Timeline has an X and Y axis. From the bottom left to the bottom right, Years After Creation are marked in increments of 200 starting from 0. The ages and dates of Noah's ancestors start from the top left, with black bars marking their lifespans. They are: Adam - 930 years. Seth - 912 years. Enos - 905 years. Mahalaleel - 895 years. Jared - 962 years. Enoch - 365 years. Methuselah - 969 years. Lamech - 777 years. Noah - 950 years.
Timeline from page 106

They talk about how “The Bible documents” God creating the earth and then it was so good, but then humans sinned, and God got so mad that he fucked everyone and everything’s shit up, including animals and “also the physical earth.” Then all the good times were gone, and it was “a struggle to simply survive in a world of weeds, thorns, and probably increasingly dangerous animals.”

I had to stop right there and collect myself, because all I could think of was the formerly-vegertarian T-Rex suddenly discovering the joys of raw meat.

Image shows an Edmontosaurus standing over a feathered Albertosaurus. The Albertosaurus is on its back, and the Edmontosaurus is biting its tail. They're against a black background. Caption says "When good dinosaurs go bad..." in red lava letters.
Original art by Durbed (CC BY-SA 3.0). Modified and caption added by moi.

(Okay, no, that’s not a T-Rex. It’s an Edmontosaurus taking down an Albertosaurus. But I don’t care because it is awesome. And yes, you’re free to use it for your own nefarious purposes as long as you credit me and Durbed.)

Despite sudden carnivores, humans did that whole be-fruitful-and-multiply thing, the authors tell us. But “the increasing violence in the world” caused God to be all Fuck it! I’m destroying everything!! Okay, no, my poor dear creationists. I can’t let you censor your own story like this. God was upset because his sons liked to boink human women. That’s where it started. Then he thought humans were all wicked and only thinking about evil all the time. He doesn’t mention violence at all. I’m pretty sure he wiped out most all of humanity, plus all but two of every species of animal on earth, because he wasn’t happy about their bedroom antics.

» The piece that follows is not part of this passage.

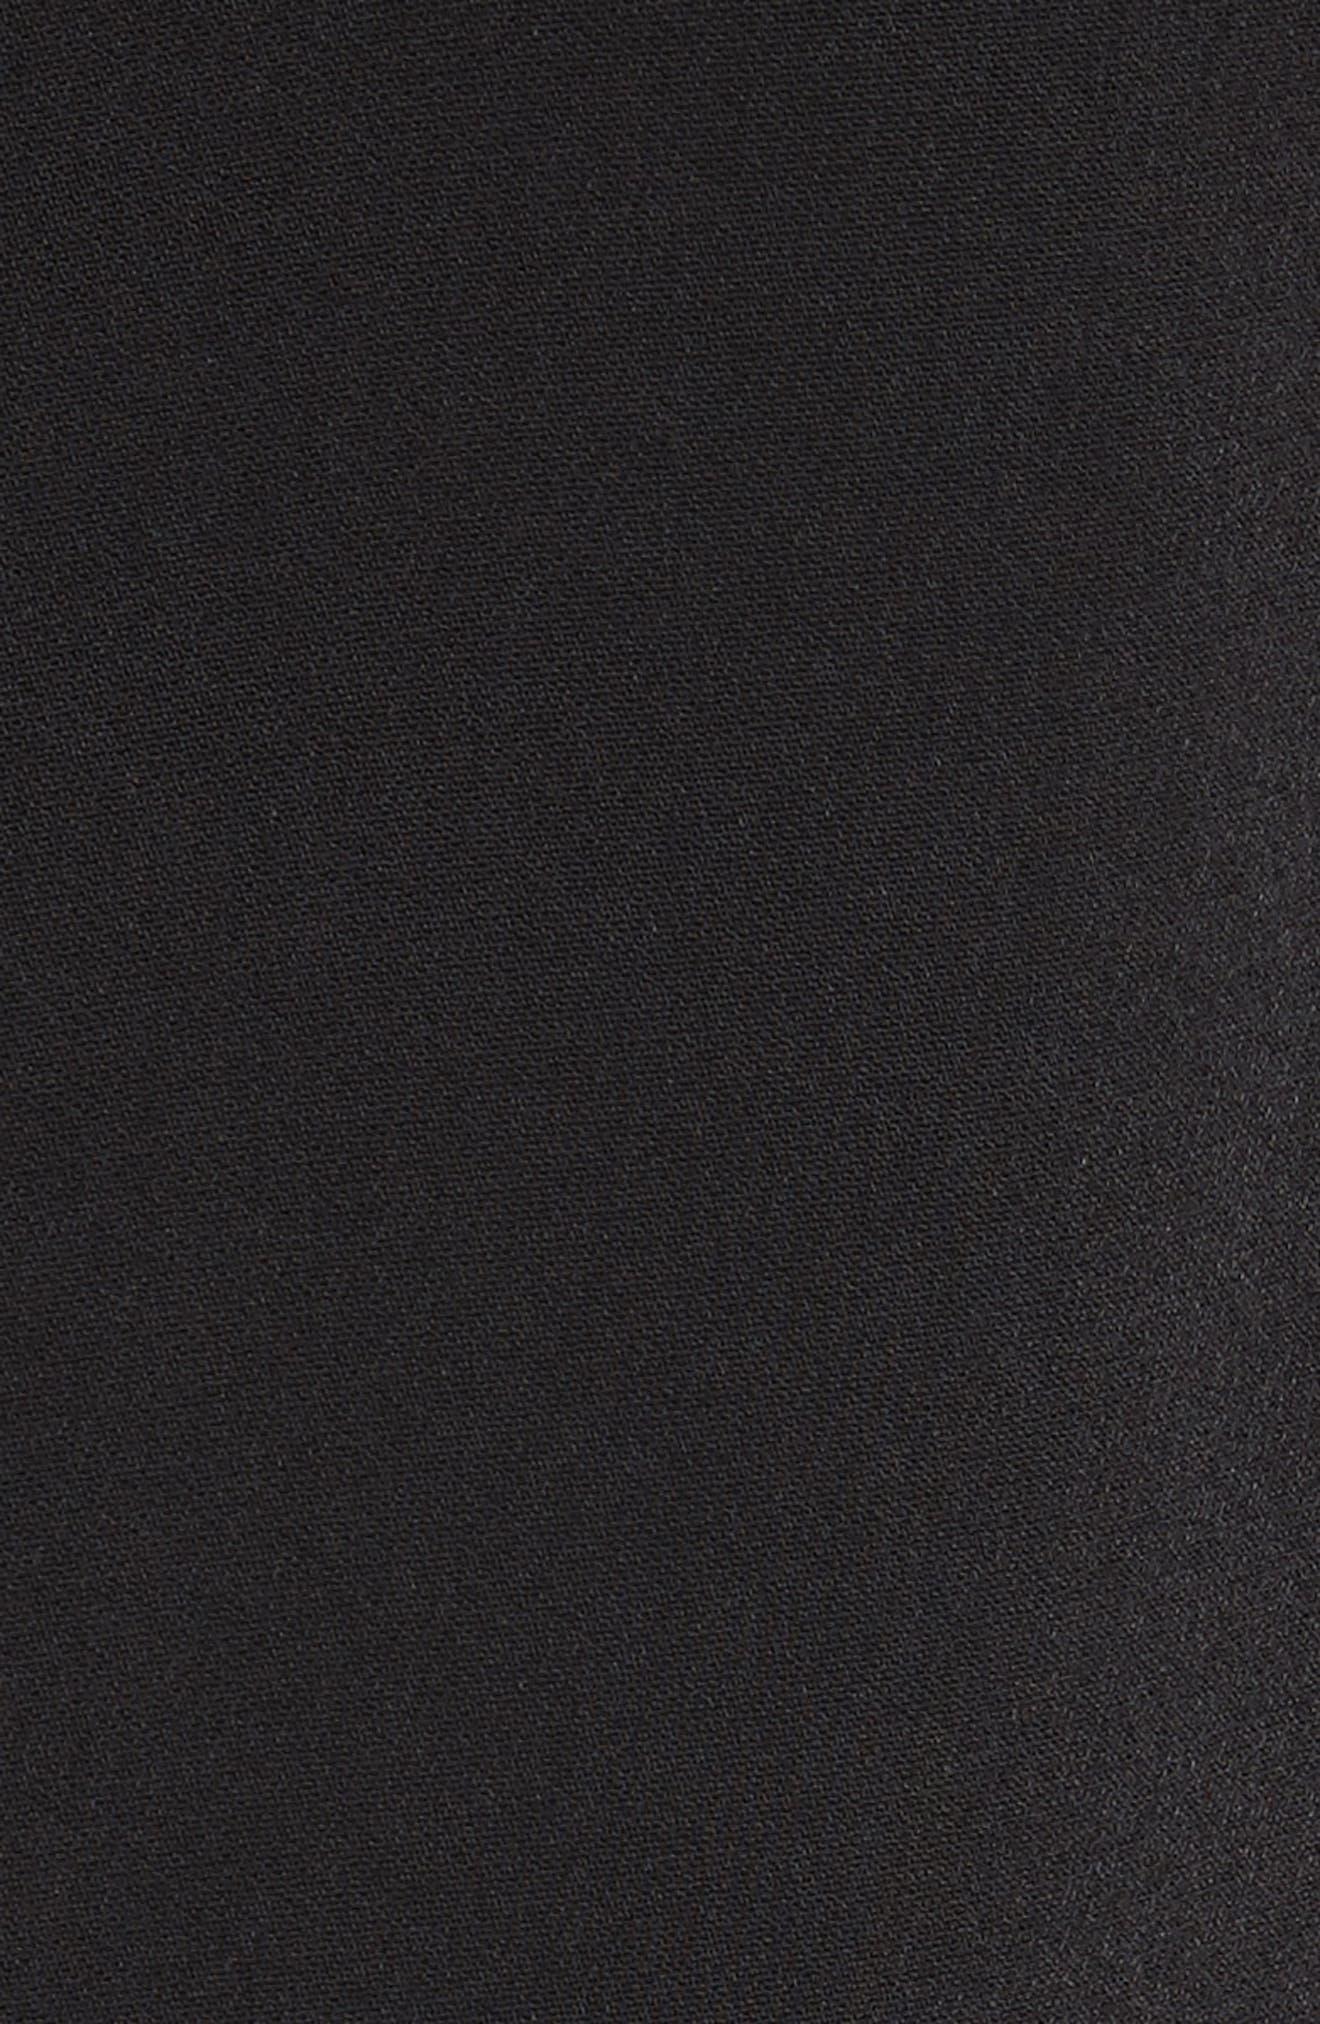 Siiara Frill Cold Shoulder Shift Dress,                             Alternate thumbnail 5, color,                             001

But whatever. Okay. So there’s this huge Flood that God uses to accomplish his genocide. The ES4 writers say that “All of recorded history not found in the Bible begins after the Flood.” I know of some Egyptian records that would beg to differ there.

They give a bulleted list of things happening in the Flood myth. It goes something like this: Noah’s 480 years old when God tells him he’s gonna end the world. Noah apparently waits twenty years to see what’s up, but then is all “Sod it” and starts siring sons. Eventually he and maybe his boys, possibly even some hired help, build the Ark. (I dunno, maybe Noah & Co. took 120 years to build the thing because he’s trying to give God time to cool off, but no luck. God’s still determined to destroy the world.) God orders them to get aboard. They get a week to load the ship, then God shuts them in and starts the Flood with rain and breaking the earth’s crust. For 40 days, it rains. The authors tell us that creationists figure “the bottom of the Ark was about 15 cubits deep,” so of course the Flood had to cover all the mountain summits by at least 15 cubits so it could float above them. That’s just science.

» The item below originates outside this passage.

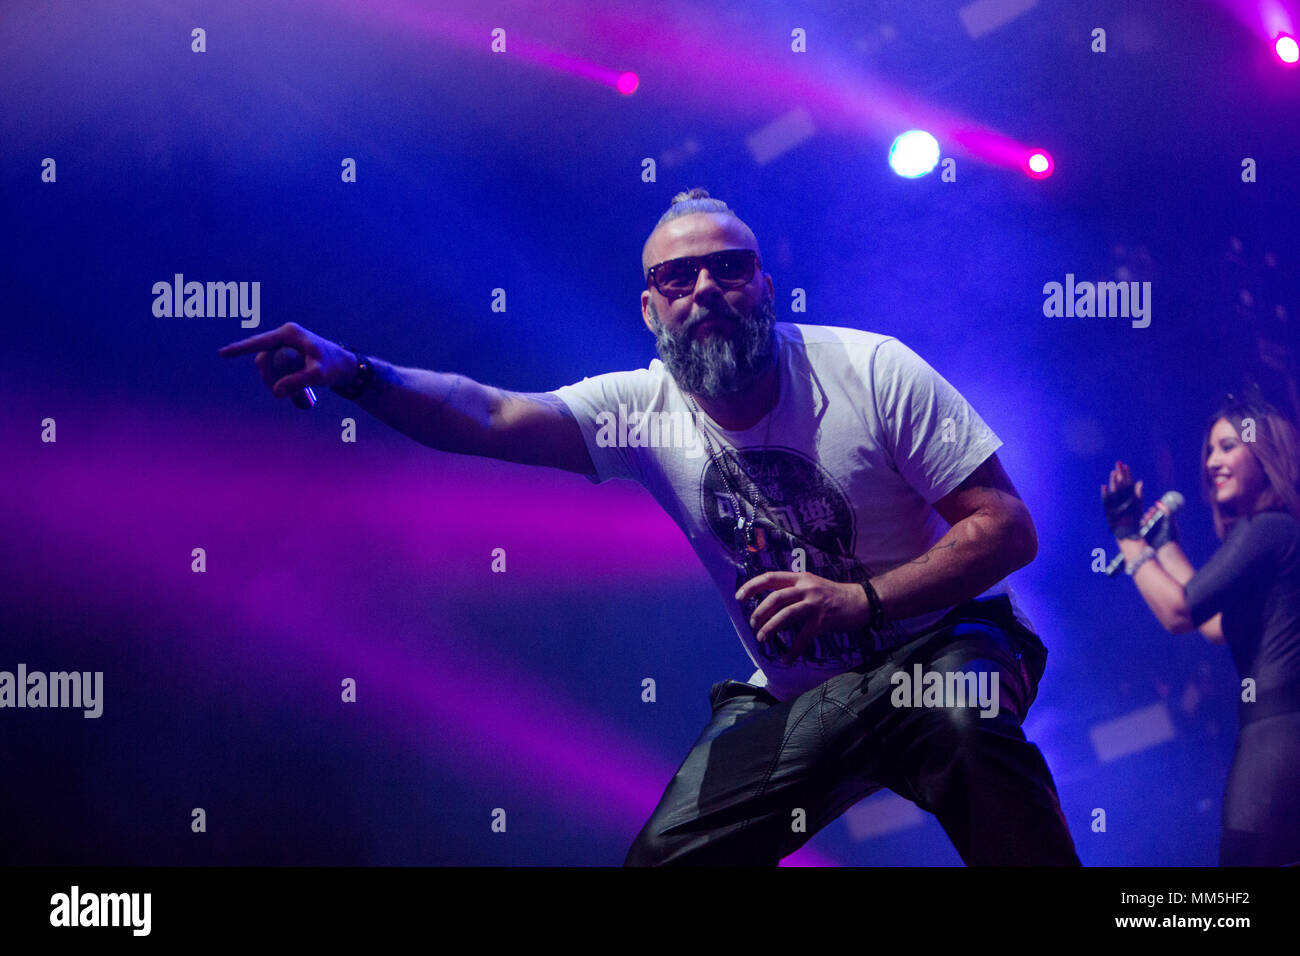 Bubblegum Dance Music Stock Photos & Bubblegum Dance Music

Then God made a mighty wind. The authors slyly slip in a bit of land rising and ocean basins falling, which isn’t actually in the Bible. They claim Mount Ararat is rising, but again, that’s not in the Bible. All of this shit they’re claiming happened to the shape of the earth isn’t in the myth they’re treating as an historical document. You’d think God would’ve thought to mention all of this tectonic activity somewhere in the account. Gosh. It’s like this is just a story told by people imagining how floods usually happen and making their mythic flood worldwide in scope without realizing the waters would have had nowhere to go.

Anyway. The ES4 writers faithfully recount Noah sending out birds and stuff. They even have a timeline of the whole thing.

Image is a simple timeline. There is an outlined bar in the middle showing a strip of numbers that represent Days in the Ark. Beneath it is a line of numbers and vertical lines representing Year and Month of Noah's Life. It starts at 600. At Day 0, Noah moves aboard Ark. Flooding starts shortly after. Flooding stops between 30 and 60 Days in the Ark, when Noah is 600 years, three months and a few weeks old. The Ark goes aground just after Day 150. Tops of mountains seen between 210 and 240 days. Noah sends out raven at 270 days, 1st dove a few days later, second dove; olive leaf between 270 and 300, 3rd dove shortly after. Noah opens Ark's roof at 601 years old, between 300 and 330 days. All leave Ark between days 360 and 390.
Timeline from page 108

Precious.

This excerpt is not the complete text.